American chemist and academic

Susan M. Lunte is an American chemist who is the Ralph N. Adams Distinguished Professor of Chemistry and Pharmaceutical Chemistry at the University of Kansas. She also works as director of the NIH COBRE Center for Molecular Analysis of Disease Pathways. She was awarded the 2023 ACS Award in Analytical Chemistry.
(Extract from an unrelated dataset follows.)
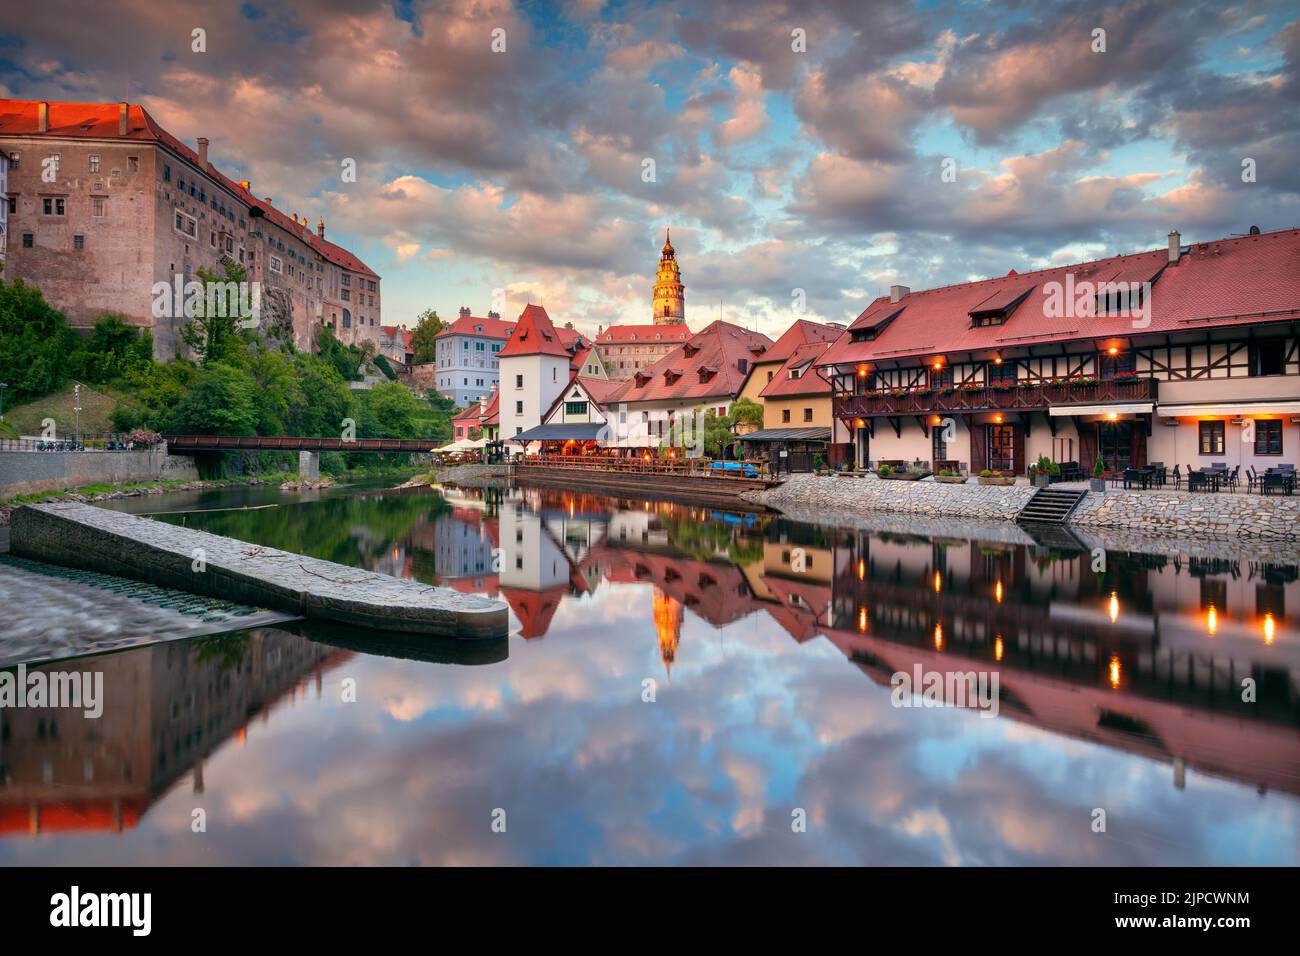 Cesky Krumlov. Cityscape image of downtown Cesky Krumlov, Czech Republic with reflection of the city in Vltava River at summer sunset. Stock Photo
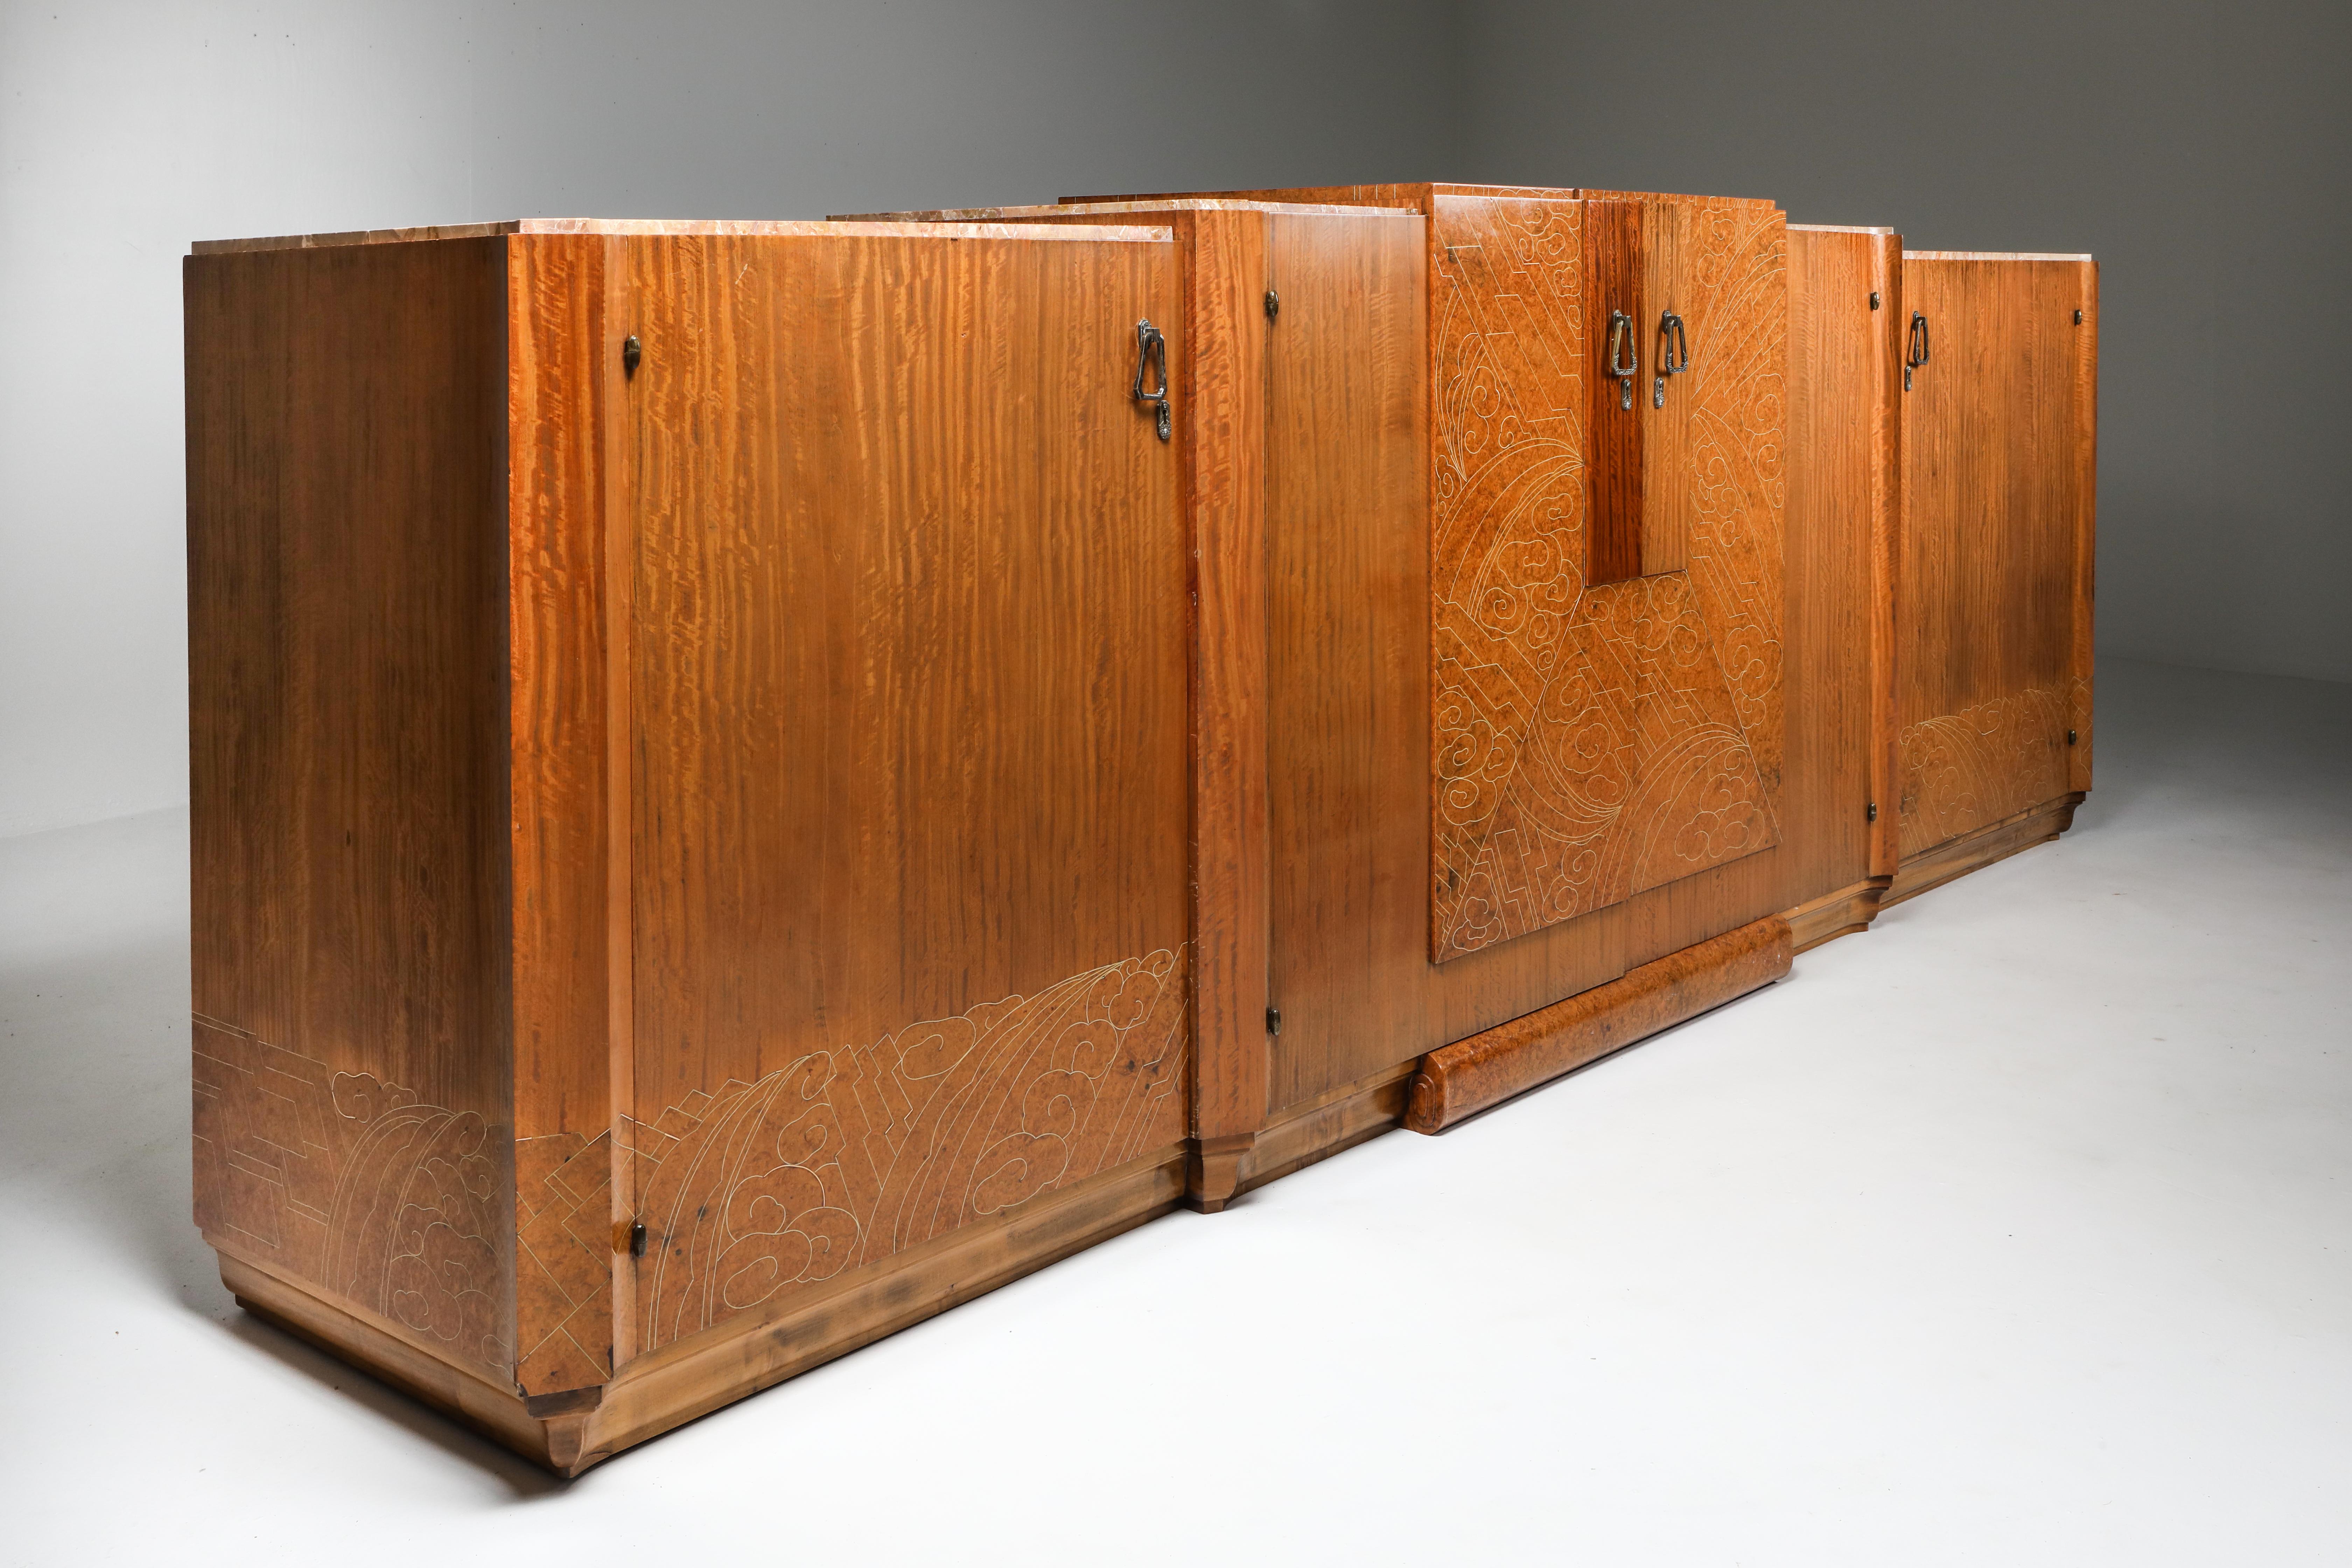 Art Deco High-End Credenza, Mahogany, Burl, Loupe D'amboine and Marble, 1930's For Sale 7

== Early life and education ==
Lunte earned her undergraduate degree at Kalamazoo College. She moved to Purdue University for doctoral research, where she worked under the supervision of Peter Kissinger. Her research considers the development of microfluidics for the separation of peptides and amino acids.

== Research and career ==
Lunte develops analytical chemistry methods to study biomolecules. She is interested in understanding biological processes such as the transport of peptides across the blood-brain barrier or diagnosis of metabolic disease. In her studies of the blood brain barrier, Lunte seeks to inform the design of next-generation pharmaceuticals or better understand neurological conditions. She has developed microcolumn-based separation methods, including liquid chromatography and capillary/microchip electrophoresis, and high sensitivity detection methods: laser-induced fluorescence and electrochemical detection.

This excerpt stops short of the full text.